The Indian government has announced economic reforms that would allow Wal-Mart retail stores to enter India in a bid to increase foreign capital flows and rebuild the current government’s tarnished credibility on the subcontinent and abroad.
The move Friday ends three years of policy inertia and headlines dominated by corruption, which has seen the economy in India plummet from nearly 10 percent growth to under 6 percent. The ruling Congress Party is now trying to move the conversation away from the subject of corruption by demonstrating it can still get major initiatives done.
“The sudden push for reforms seem to be born out of desperation,” says Arun Jethmalani, the managing director of ValueNotes, a market intelligence and consulting firm based in Pune, India. “The [economic] situation has gotten so bad in India, that some people in the government are finally realizing that we have to do something immediately.”
Under new rules, a previous ban on foreign investment in multi-brand, big-box retail stores like Wal-Mart has been relaxed to allow foreign shares of up to 51 percent.
The changes will also open the door for single brand foreign investors such as the Swedish furniture store IKEA, by allowing investors to own outlets outright without needing local partners. Restrictions will also be relaxed on foreign investment in airlines, broadcasting, and power exchanges.
India’s Prime Minister Manmohan Singh argues the reforms will boost the economy by injecting foreign capital and introducing foreign expertise in supply-chain management.
However, the opening of big-box retail to foreign investment is unlikely to be applied nation-wide. Prime Minister Singh is leaving that up to individual states to decide whether to implement. Political observers consider this a clever move by the prime minister, considering the push-back from the leaders of many states against central government-led changes and federal direct investment (FDI).
With many states still hostile to FDI and politics mired in bureaucratic corruption at nearly every level, ValueNotes’ Mr. Jethmalani believes it will take time to see any real change.
“On one level the government makes a policy, but on the ground it’s not so easy,” says Jethmalani. “It will happen. But this is India; nothing changes quickly.”
Many investment analysts, however, point out the significant upside to the move.
“The government standing firm on its commitments combined with sensible steps on the fiscal side should help boost capital flows,” says Nick Paulson-Ellis, India head for Espirito Santos Securities. “Federal direct investment is needed to allow India’s $450 billion retail market, of which only 6 percent is organized, to grow over time. Introducing logistics, supply chain, and cold storage expertise and investment are critical to reducing the criminal levels of wastage in the farm-to-fork chain.”
India is still a nation of mostly mom and pop stores and small farmers heavily controlled by the government and middlemen. This absence of a streamlined system leads to nearly 40 percent of fruits and vegetables rotting before they reach the consumer. On the other hand, the system employs millions, leaving critics to warn that rapid changes may displace the livelihoods of many.

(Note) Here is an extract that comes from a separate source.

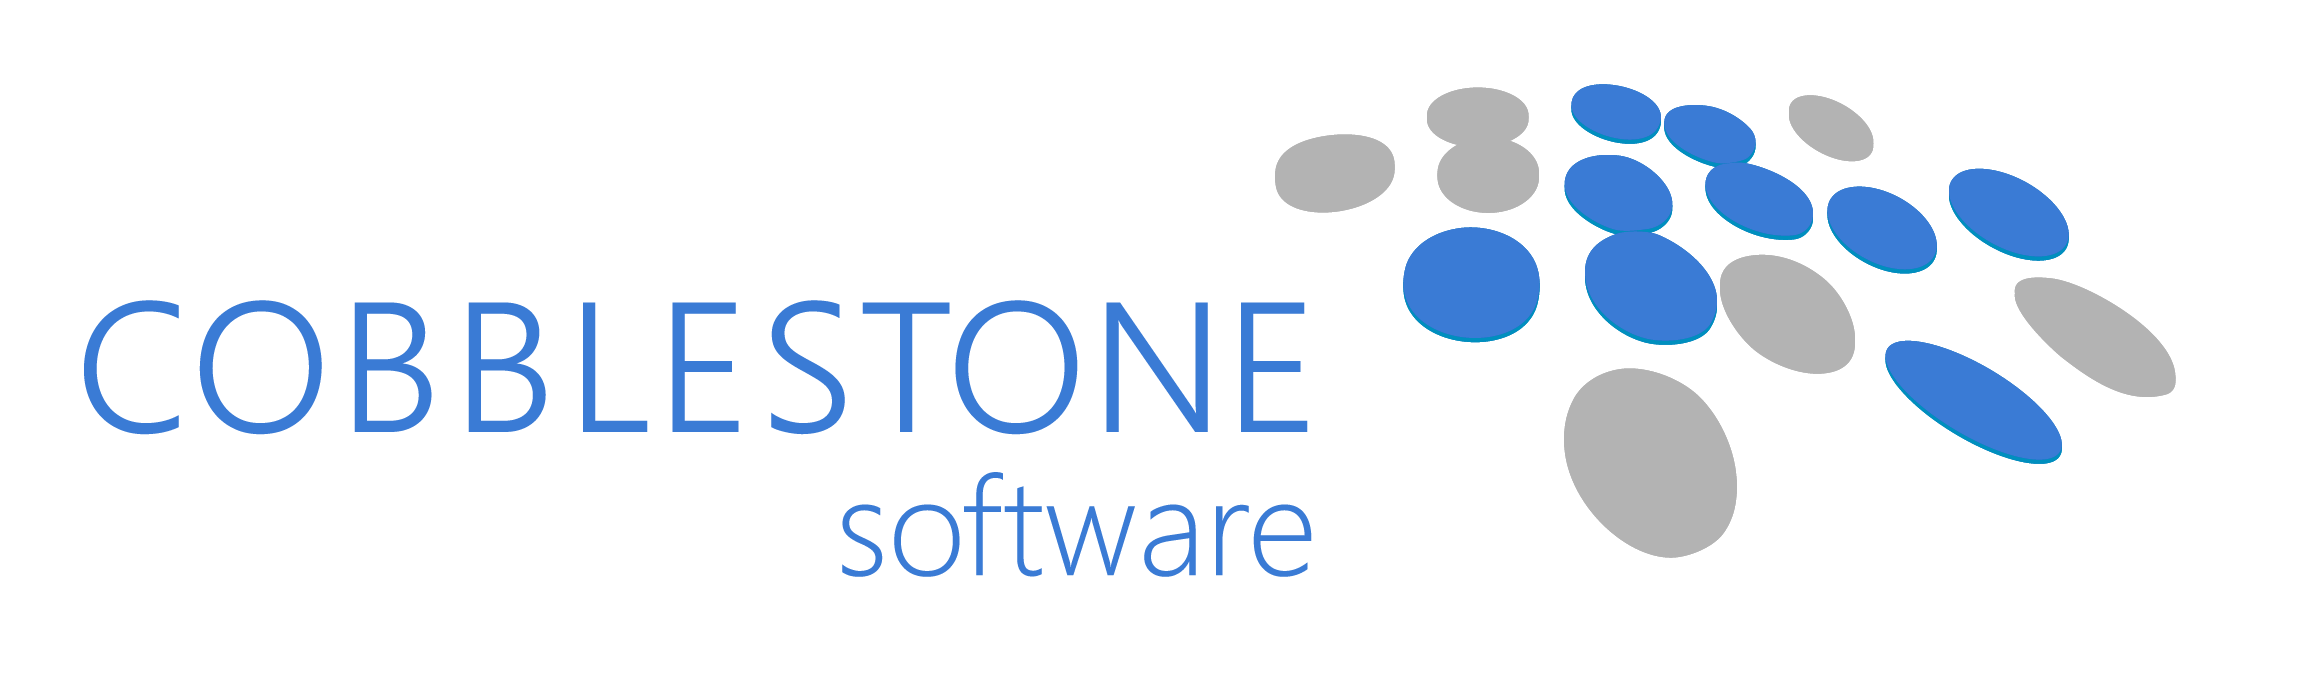 CobbleStone Contract Management Software.

Mr. Paulson-Ellis, meanwhile, cautions that while FDI is important, the most critical issue the government has proposed is cutting fuel subsidies. The reduction in fuel subsidies will lead to a 12 percent increase in the price of diesel for Indian drivers and the millions of people and companies who use generators to ensure 24/7 power. Though the move may be unpopular, many economists believe the cut in subsidies – which mainly benefit the wealthy and middle class – is essential.

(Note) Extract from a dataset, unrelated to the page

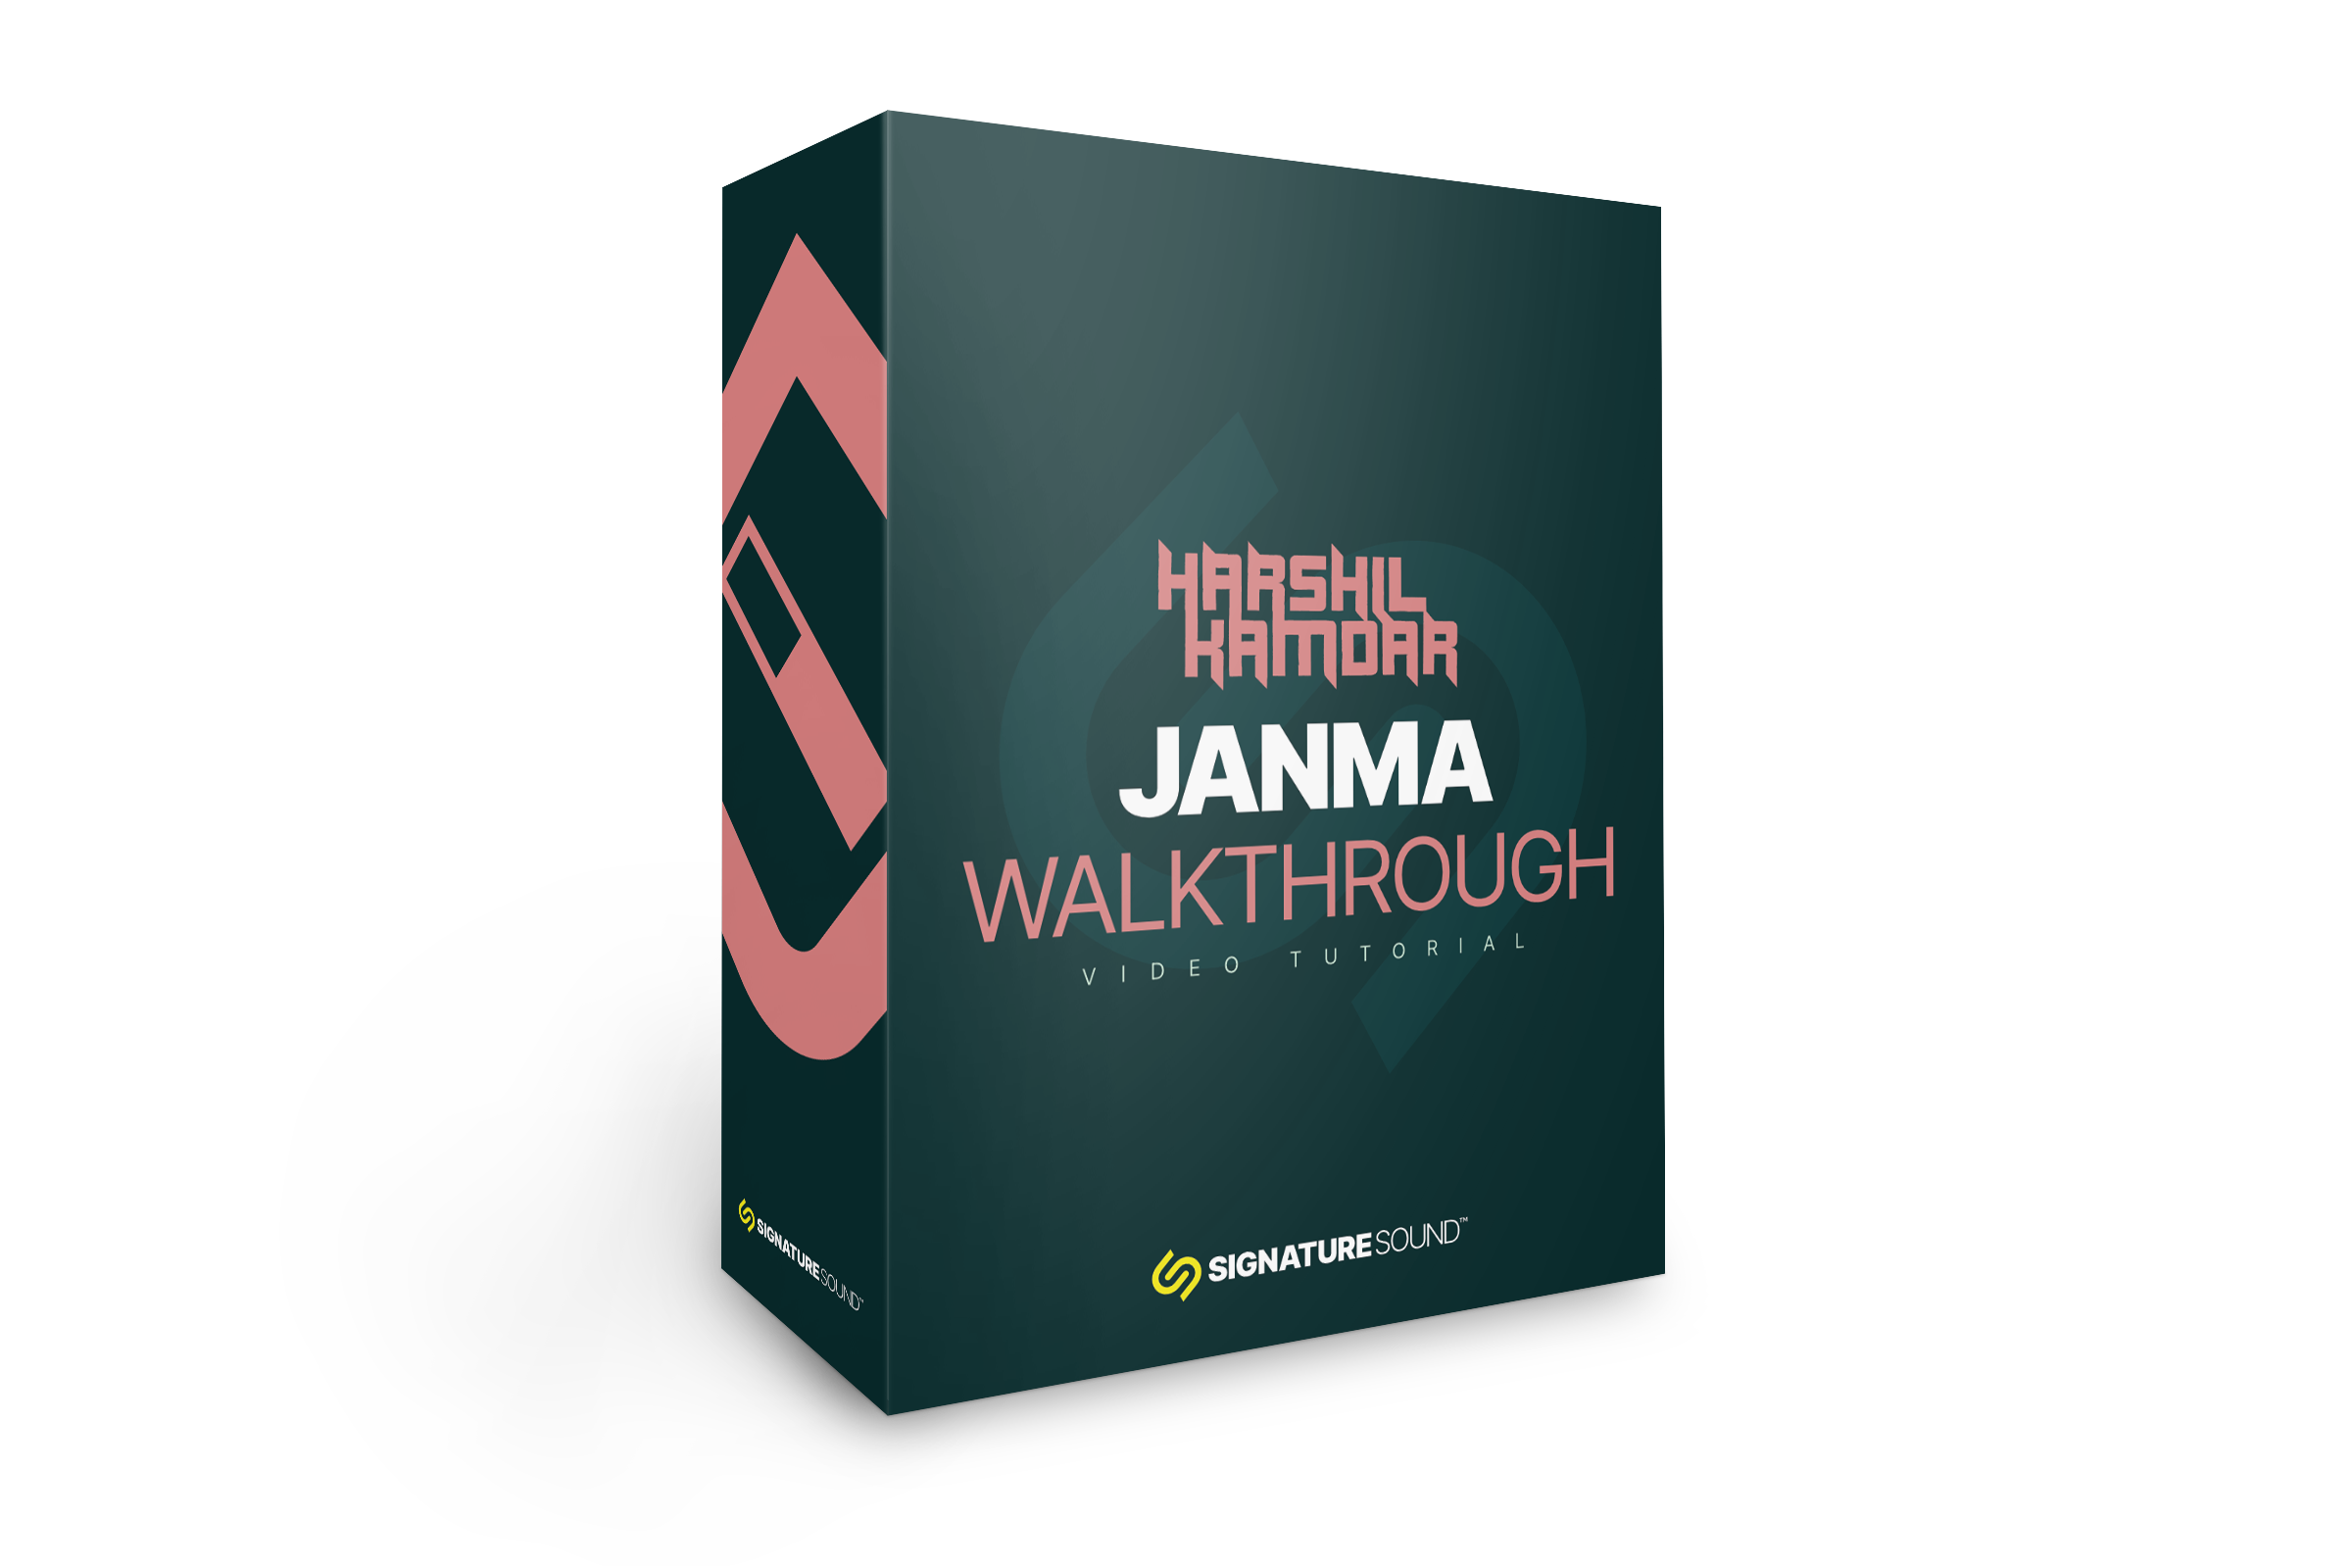 Harshil Kamdar Janma Walkthrough [Video Tutorial]

“Addressing the fiscal deficit is of far greater current importance than any FDI reforms,” says Paulson-Ellis. “Without it there is likely to be a 5.8 percent fiscal deficit and near certain downgrade to a sub-investment grade.”

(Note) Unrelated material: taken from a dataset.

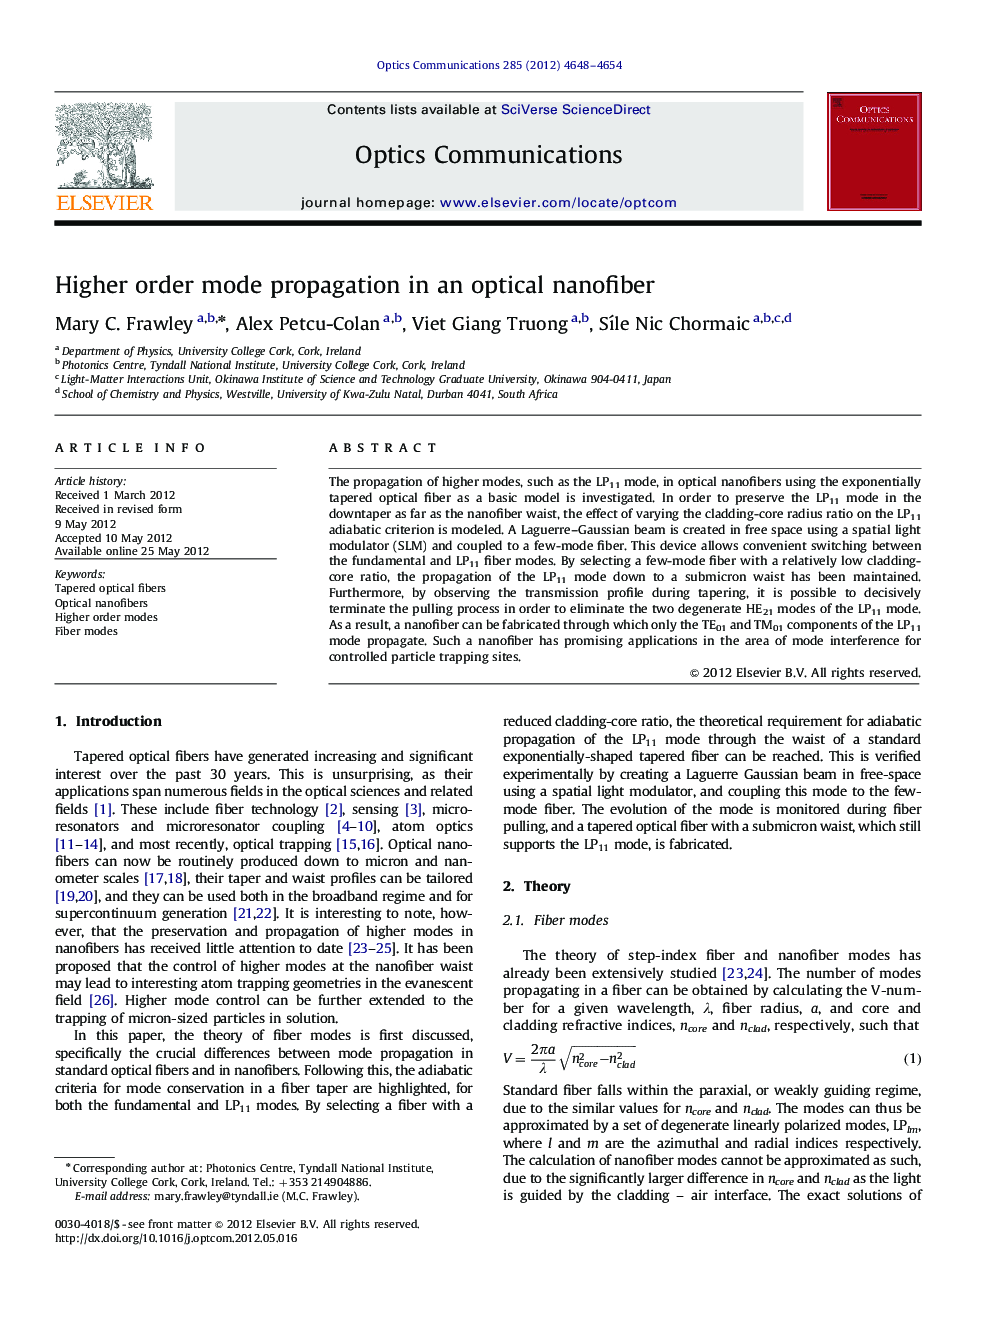 Higher order mode propagation in an optical nanofiber

Gurcharan Das, an Indian economist and author, believes the changes are going to improve the economy far quicker than people realize.
“There are a number of states where joint ventures with Wal-Mart are already operating,” Mr. Das says. “In states like the Punjab and Rajasthan they have already done the groundwork so it will not take long for the new reforms to take hold.”
Das believes the coming of modern trade in big box stores like Wal-Mart will bring needed transparency by cutting out the middleman and not allowing politicians to so easily manipulate the market.
Paulson-Ellis points to another quick impact of the policy changes: changes to the rhetoric in the country.
“In two days, an embattled government has changed the debate from rampant corruption — the latest involving billions of dollars in coal mine allocations,” says Paulson-Elllis. “An opposition that was up in arms is seen to be regrouping.”